Inevitably much of the social burden fell to Lou Hoover. Staff members were instructed to make awed visitors feel at home. "Well, don't ever worry," Lou explained to a young assistant concerned over protocol. "You just always do what will make the other fellow feel comfortable, at ease, and then you will be all right."

The First Lady proved a woman of her word. One day her husband announced that instead of four guests for dinner he was bringing home forty. Lou directed the kitchen staff to grind up everything in the White House freezers for croquettes. The resulting recipe for "White House Surprise Supreme" could never be recreated - for obvious reasons. The President Relaxes

"I have discovered that even the work of the government can be improved by leisurely discussions out under the trees," said Hoover. At the same time he joked that there were only two activities in which a president could enjoy some measure of privacy, fishing and prayer and no man could pray all the time. In between nibbles at Camp Rapidan, the fishing camp he built with $120,000 of his own money, the embattled president held front-porch conferences with congressmen and economic advisers. One weekend in 1932 he spent twelve hours on a long-distance hookup, personally directing a rush order of $35 million so that a major Chicago bank could open on Monday morning.

After White House physician Joel T. Boone urged Hoover to lose weight, Boone's patient adapted a game of medicine ball he had first played on a battleship off Rio de Janeiro during his Latin American journey. For thirty minutes each day, seven days a week, Hoover and his "Medicine Ball Cabinet" relished a game that burned up three times as many calories as tennis and six times that of golf.

This sports-loving president rarely unbent in public. He did stop one afternoon to watch a sandlot ball game, cheering on the kids at play and informally chatting with them when the game ended. Colleagues urged the president to return the next day and be photographed. It would be good for his public image. Hoover would do nothing of the kind, for the same reason that he banned pictures of his daily medicine ball game. It was one thing to relax, however infrequently, quite another to perform.

Personal and Family

The White House into which President and Mrs. Hoover moved in March 1929 reflected the chilly austerity of their predecessors. "Bleak as a New England barn," said Hoover of the upstairs family quarters. It did not take long for Lou to replace the dreary furnishings with cherished pieces from their own homes. On a more formal note she refurbished some of James Monroe's elegant Empire furniture (giving rise to complaints in the Congressional Record) for the ceremonial East Room.

Prior to the First World War, presidents devoted as little as two hours a day to office work, with another two or three spent in receiving visitors and the press. Depression era demands led to four presidential secretaries in place of one. Hoover became the first chief executive to install a telephone in his office. Among the "valuable privileges attached to being President," he wrote later, was the right to terminate all interviews, conferences, social parties, and receptions. A president "can go to bed whenever he likes. I liked ten o'clock, as I had to rise at seven and read a great deal during the night."

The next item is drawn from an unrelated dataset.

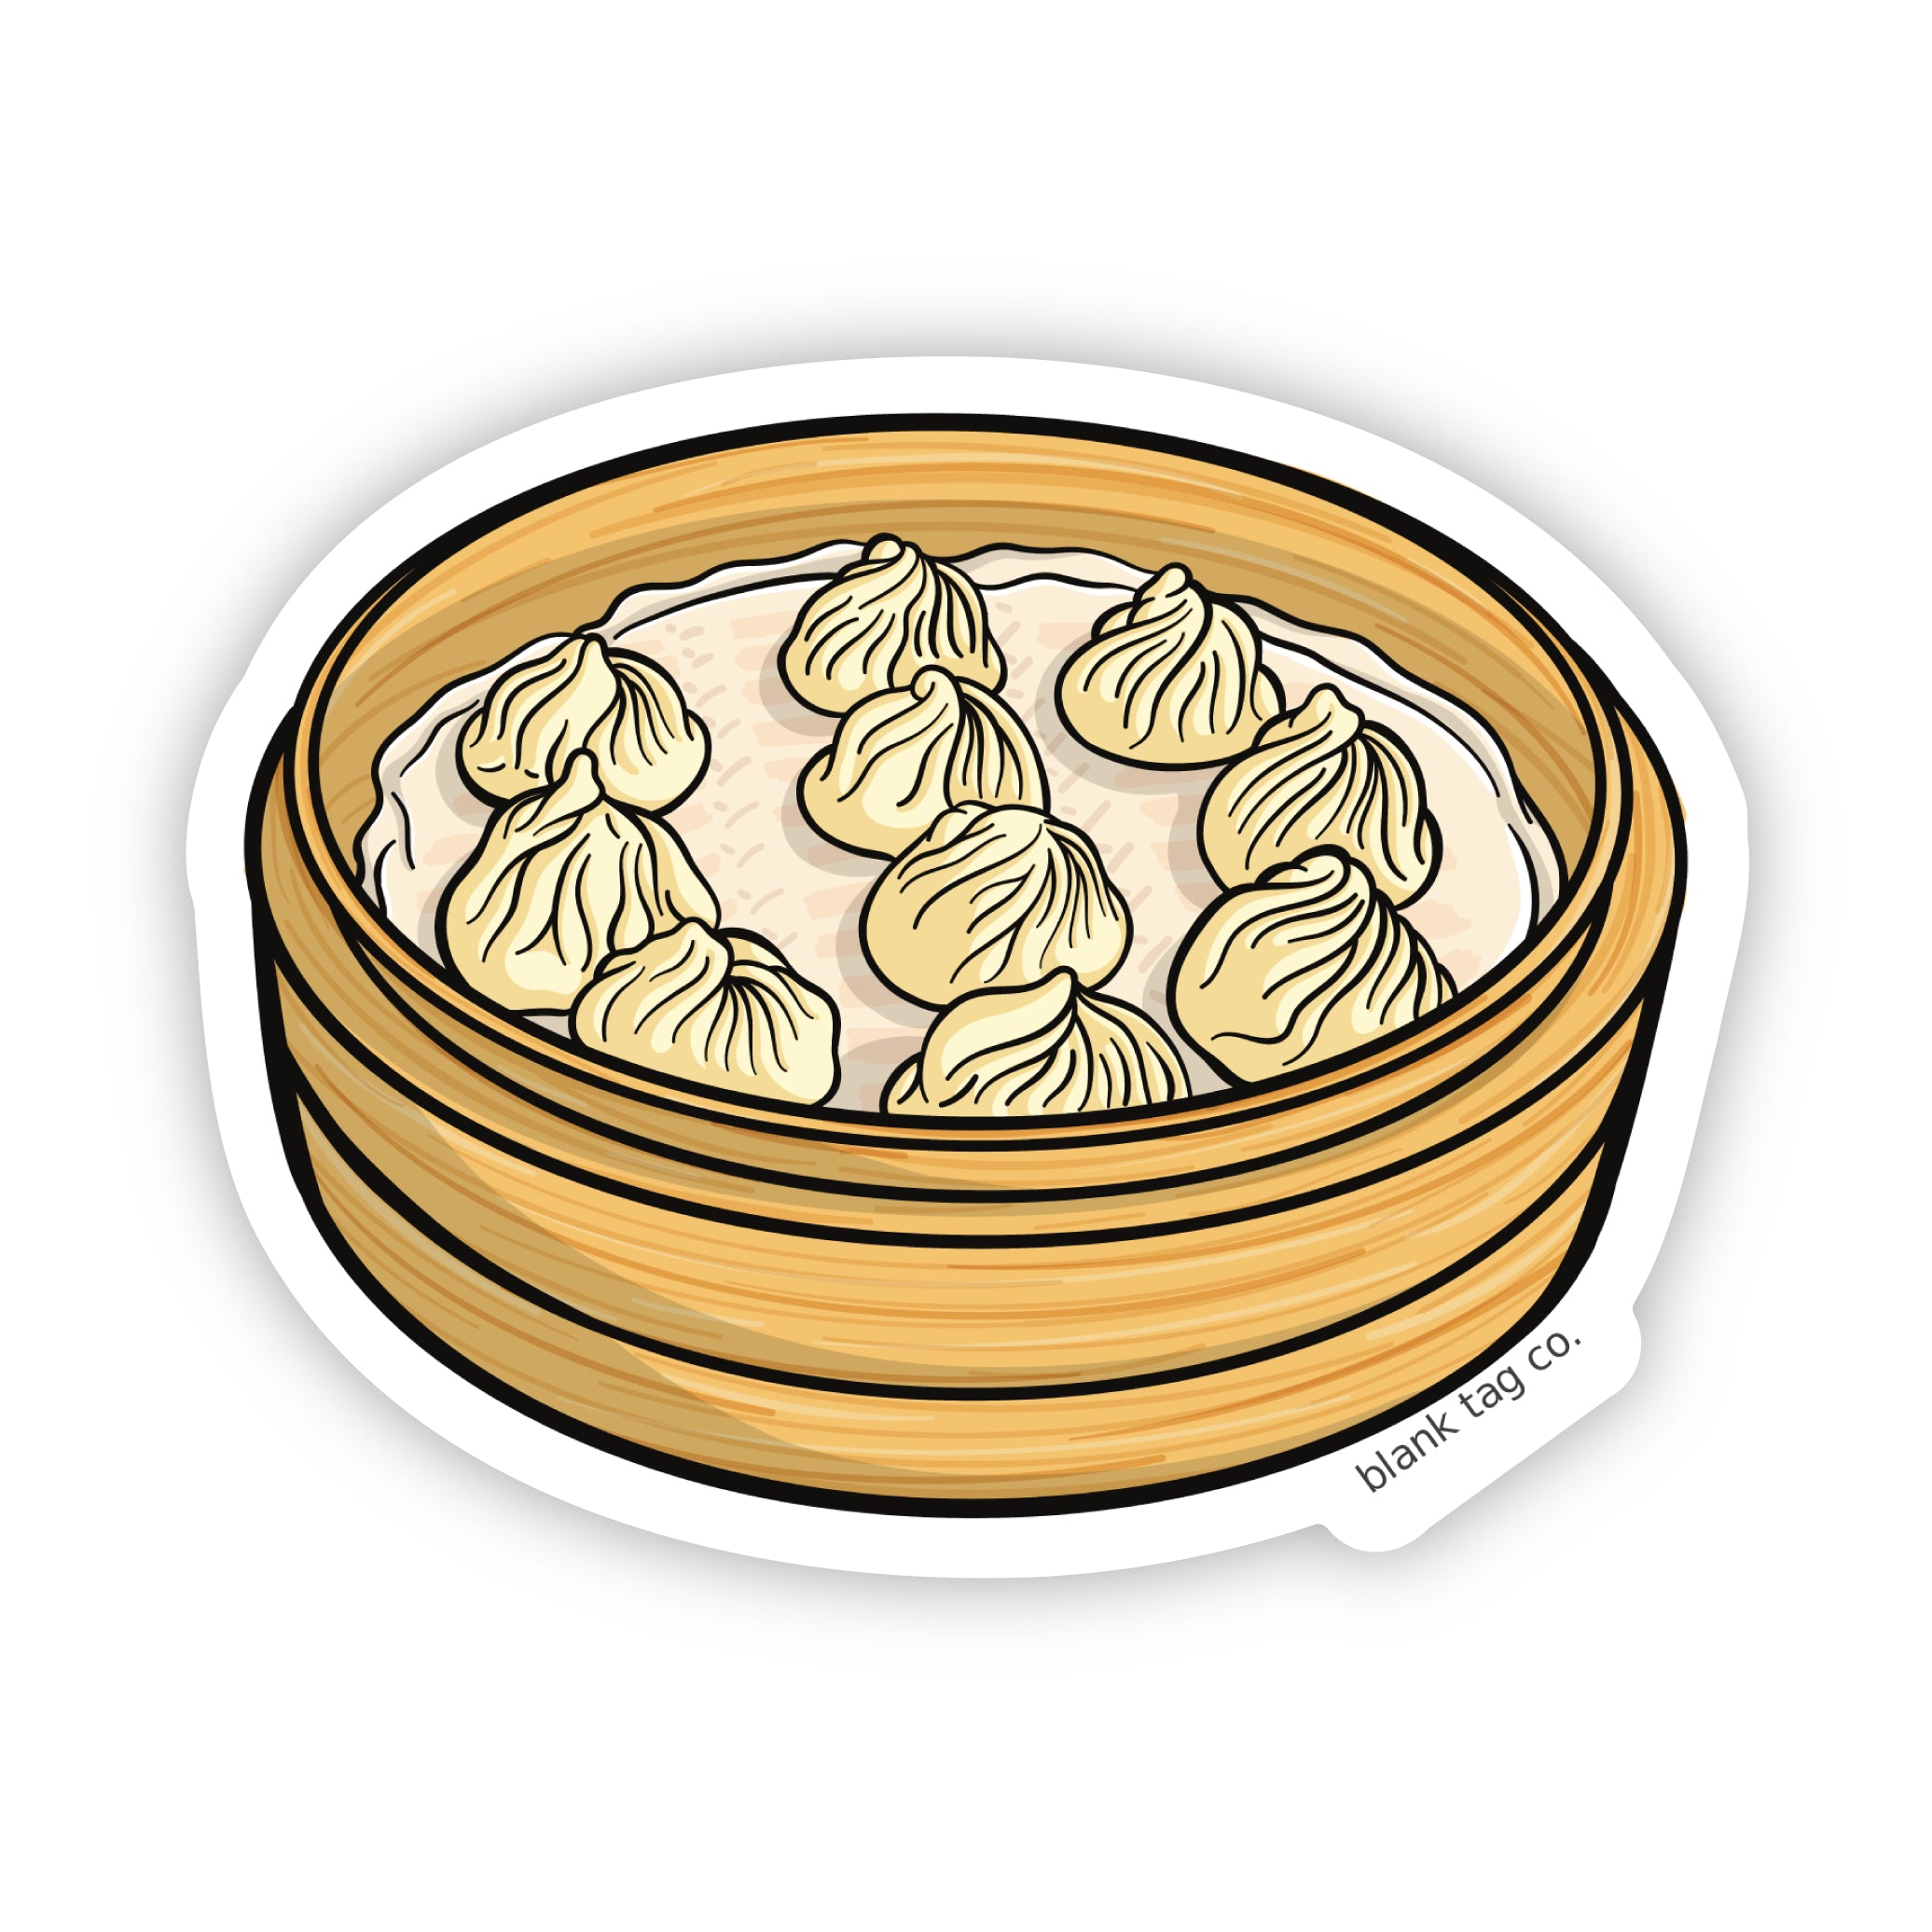 The Soup Dumplings Sticker

Herbert Hoover was one of two American presidents to give away his salary (John F. Kennedy being the other). He anonymously donated $25,000 a year to aid victims of the Depression and raised $500,000 toward the 1930 White House Conference on Child Health and Welfare. Yet surprisingly, given his special feelings toward young people, the president kept his own family shielded from view.

Young Allan, a student at Stanford, appeared infrequently at the White House. And when Herbert, Junior was confined to a North Carolina treatment center for tuberculosis, his father could only spare time for a single visit to the son he called Bub. During this period the president's daughter-in-law, Margaret, and her children, Peggy Ann and Herbert III (known as Pete) came to live at the White House. Advisers wanted the youngsters brought into the spotlight, if only to soften their grandfather's somewhat down image, but Hoover flatly refused to exploit his family.